• _Assignment_:
Every line of the listing below is to be repeated exactly; the pictures stay out.

• _Supplied information_:
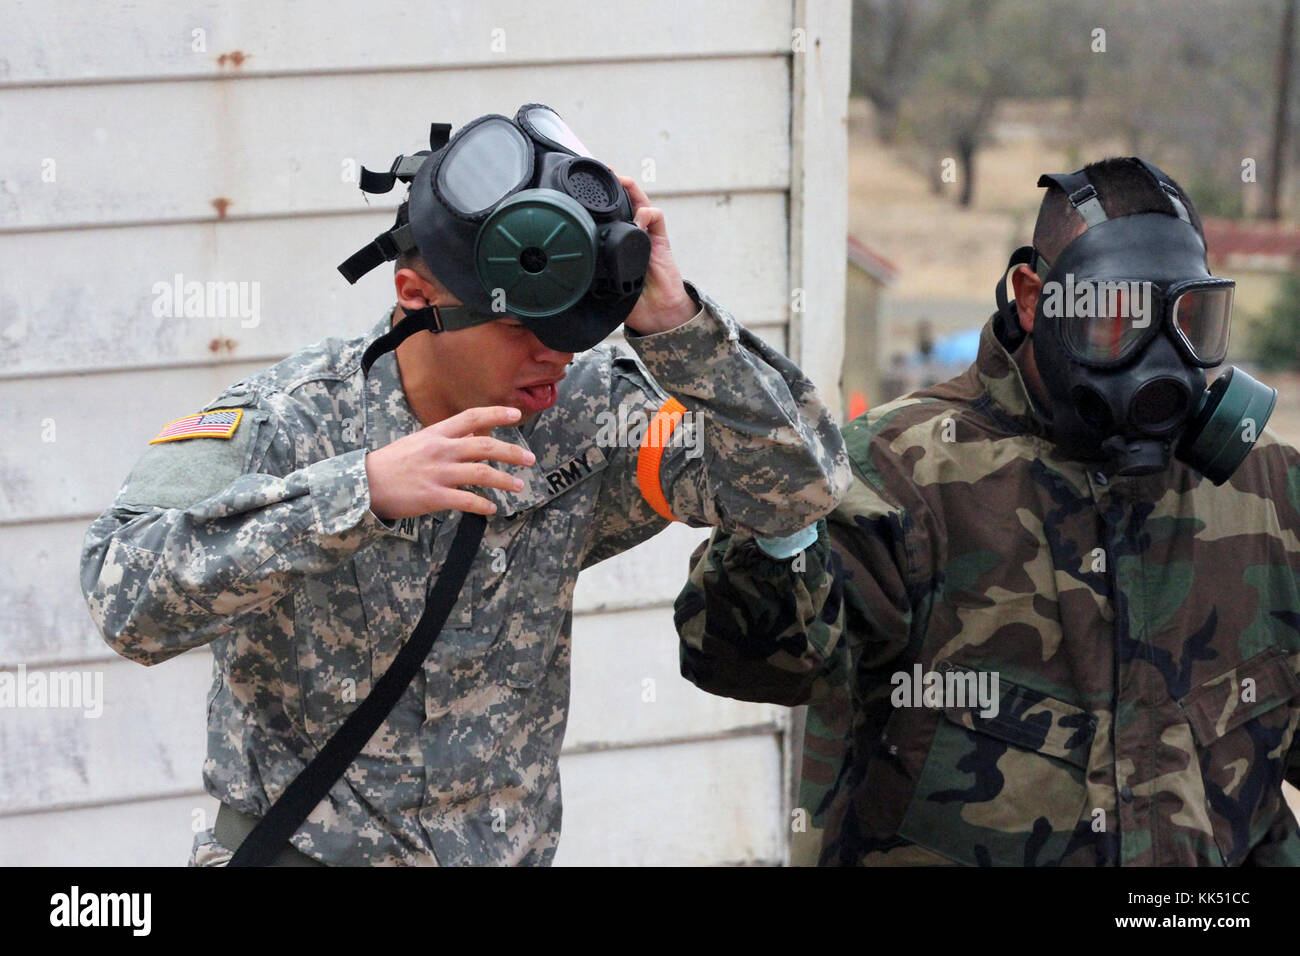 Spc. Fabio Avetisyan, left, coughs and gasps for air Nov. 8 after exiting a gas chamber during the California Army National Guard's 2017-18 Best Warrior Competition at Camp San Luis Obispo, California. This was one of the last tests after four competitive days to find California’s Best of the Best. (Army National Guard photo by Staff Sgt. Eddie Siguenza) Stock Photo
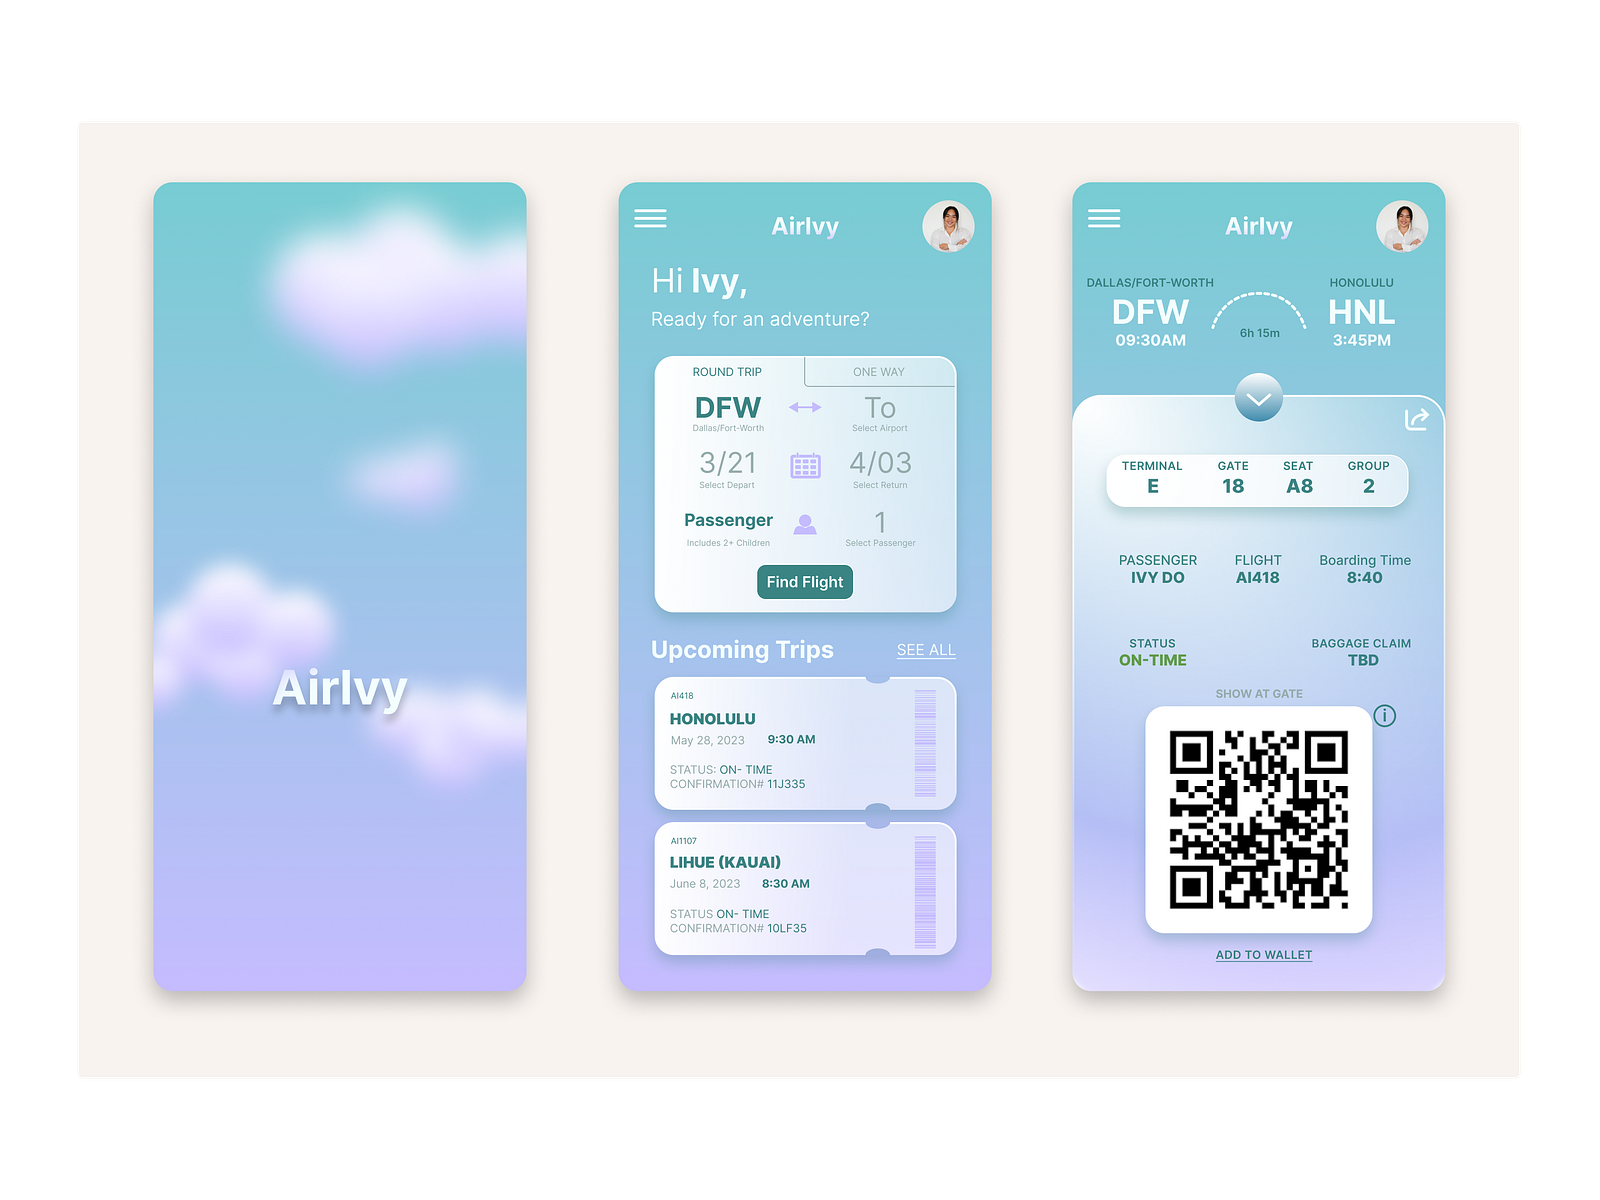 mobile-boarding-pass-by-ivy-do-on-dribbble
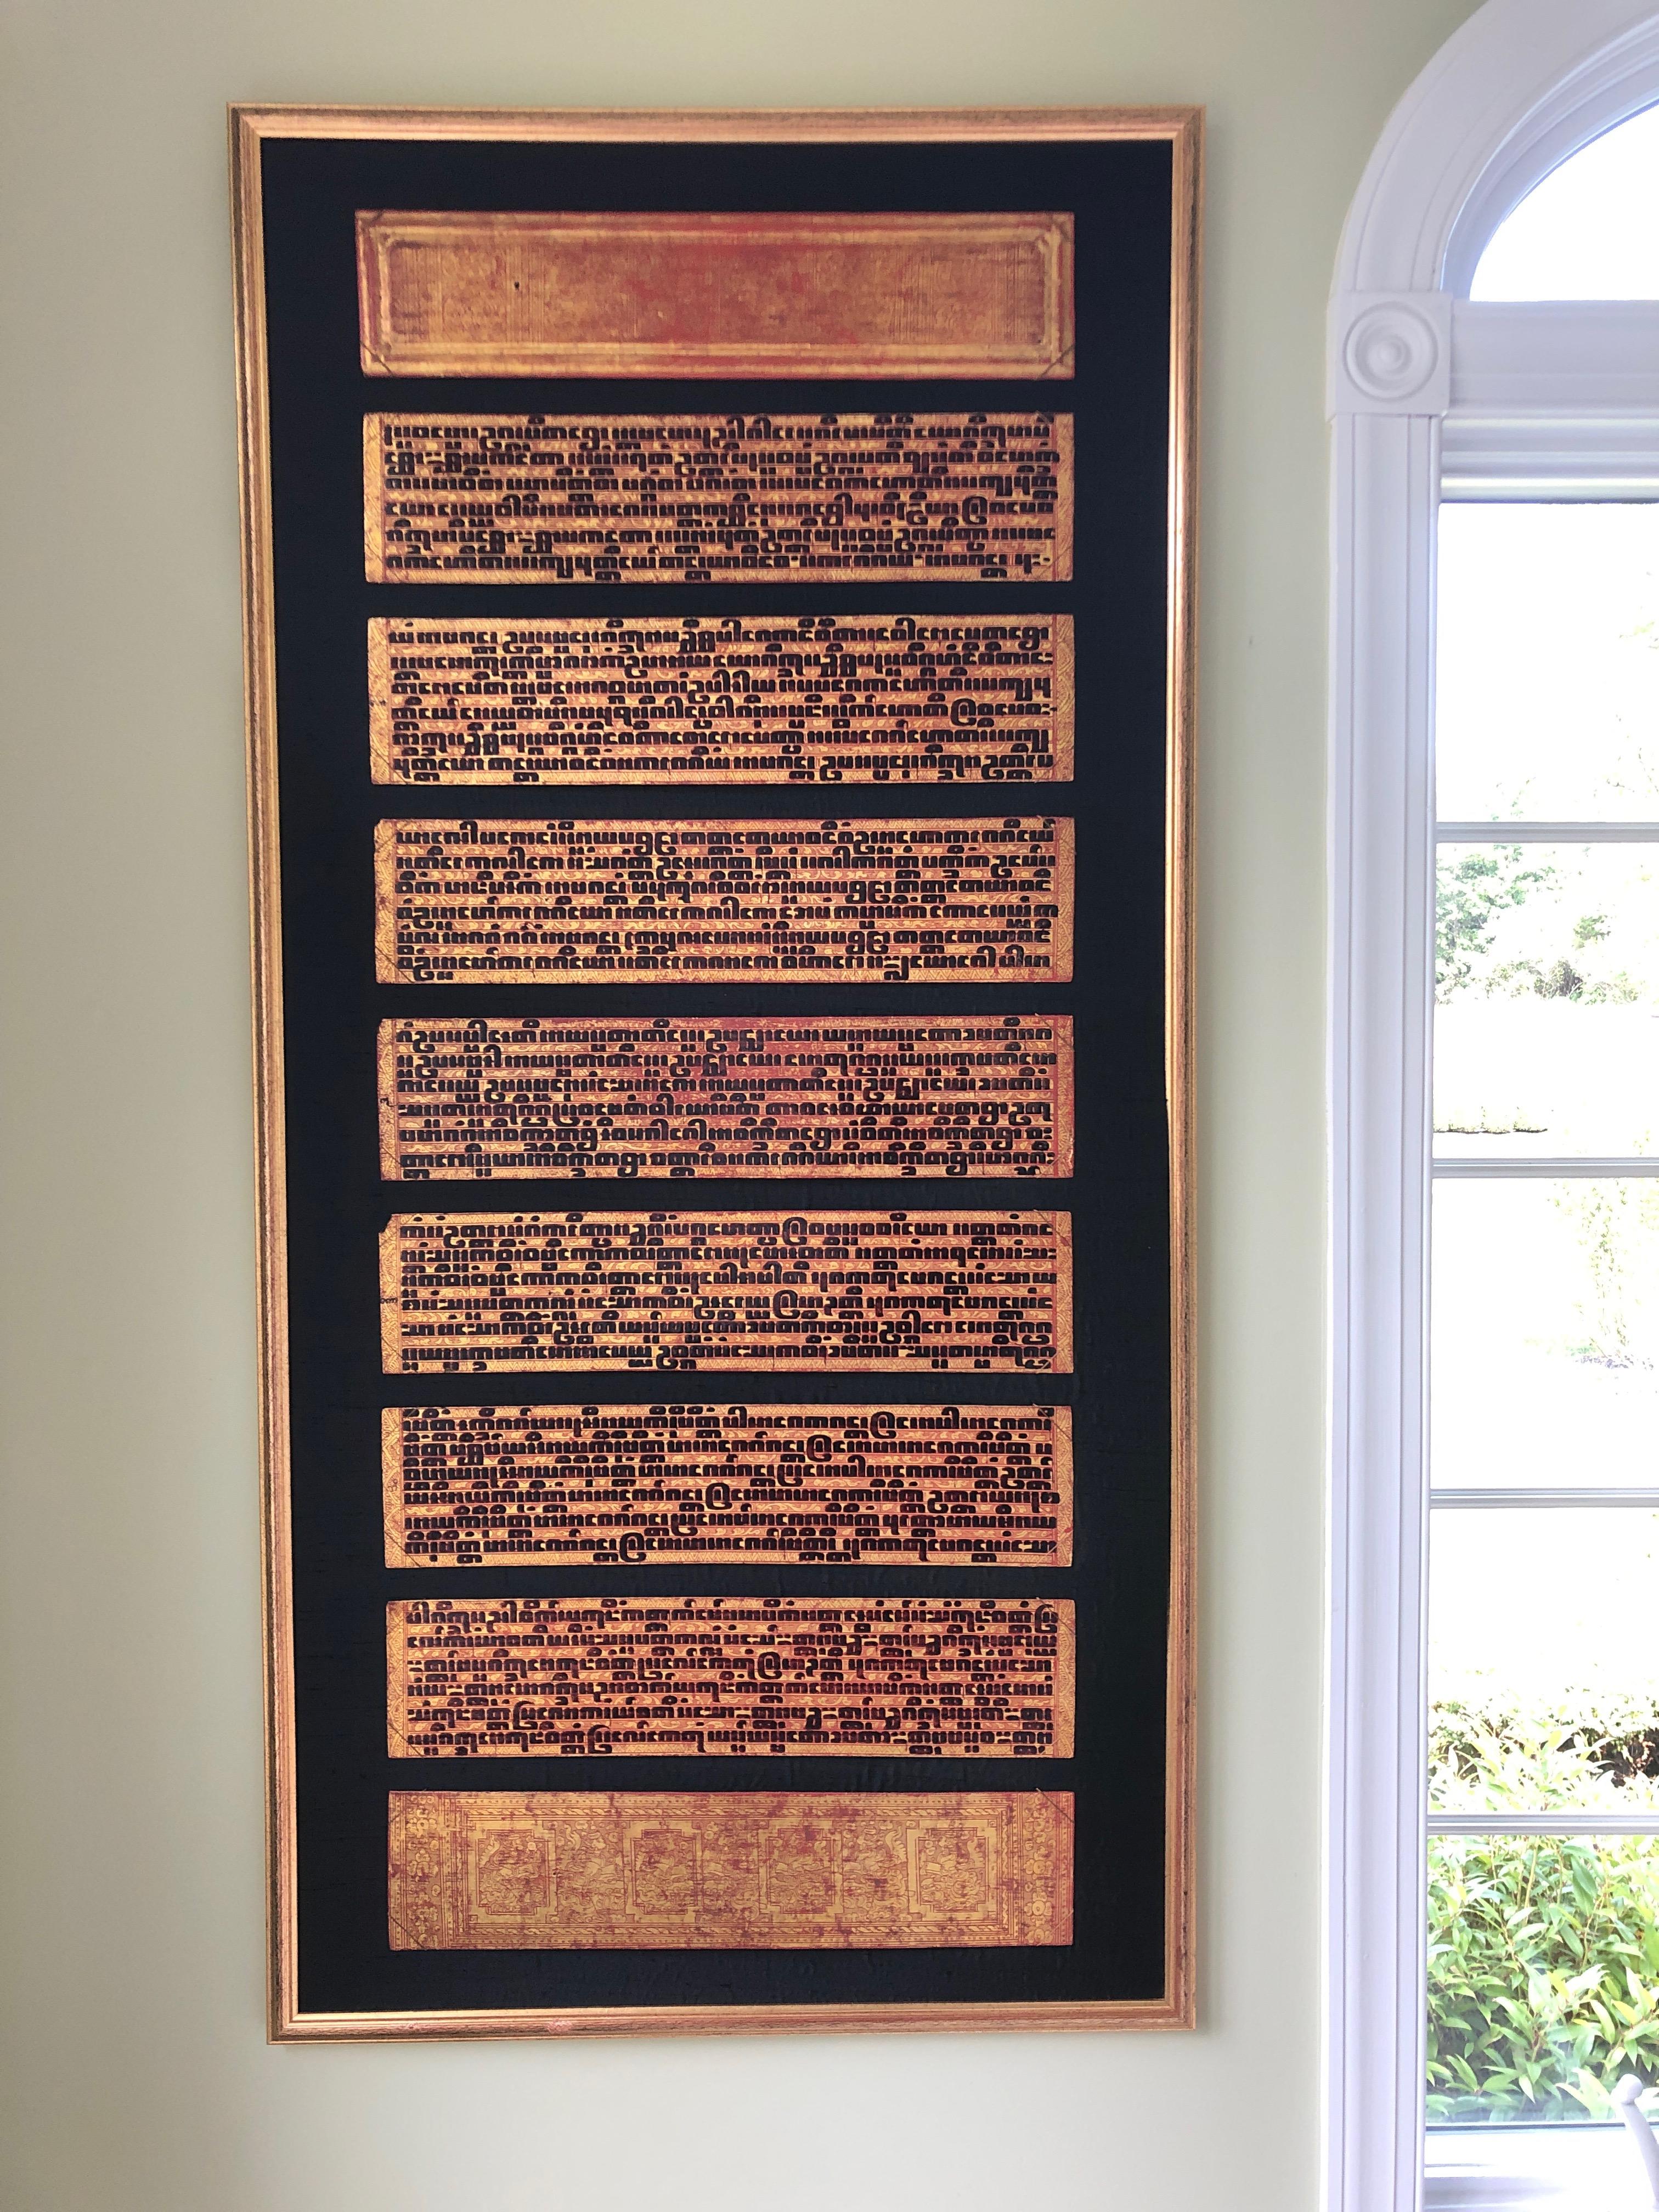 Stunning pair of large framed art that displays the intricate laquer panels from an antique Burmese bible called the Kamawa-sa, a religious text from the Pali Vinaya. Palm leaf and paper manuscripts of Myanmar, this is by far the most ornate

• _Task answer_:
 Spc. Fabio Avetisyan, left, coughs and gasps for air Nov. 8 after exiting a gas chamber during the California Army National Guard's 2017-18 Best Warrior Competition at Camp San Luis Obispo, California. This was one of the last tests after four competitive days to find California’s Best of the Best. (Army National Guard photo by Staff Sgt. Eddie Siguenza) Stock Photo
 mobile-boarding-pass-by-ivy-do-on-dribbble
 Stunning pair of large framed art that displays the intricate laquer panels from an antique Burmese bible called the Kamawa-sa, a religious text from the Pali Vinaya. Palm leaf and paper manuscripts of Myanmar, this is by far the most ornate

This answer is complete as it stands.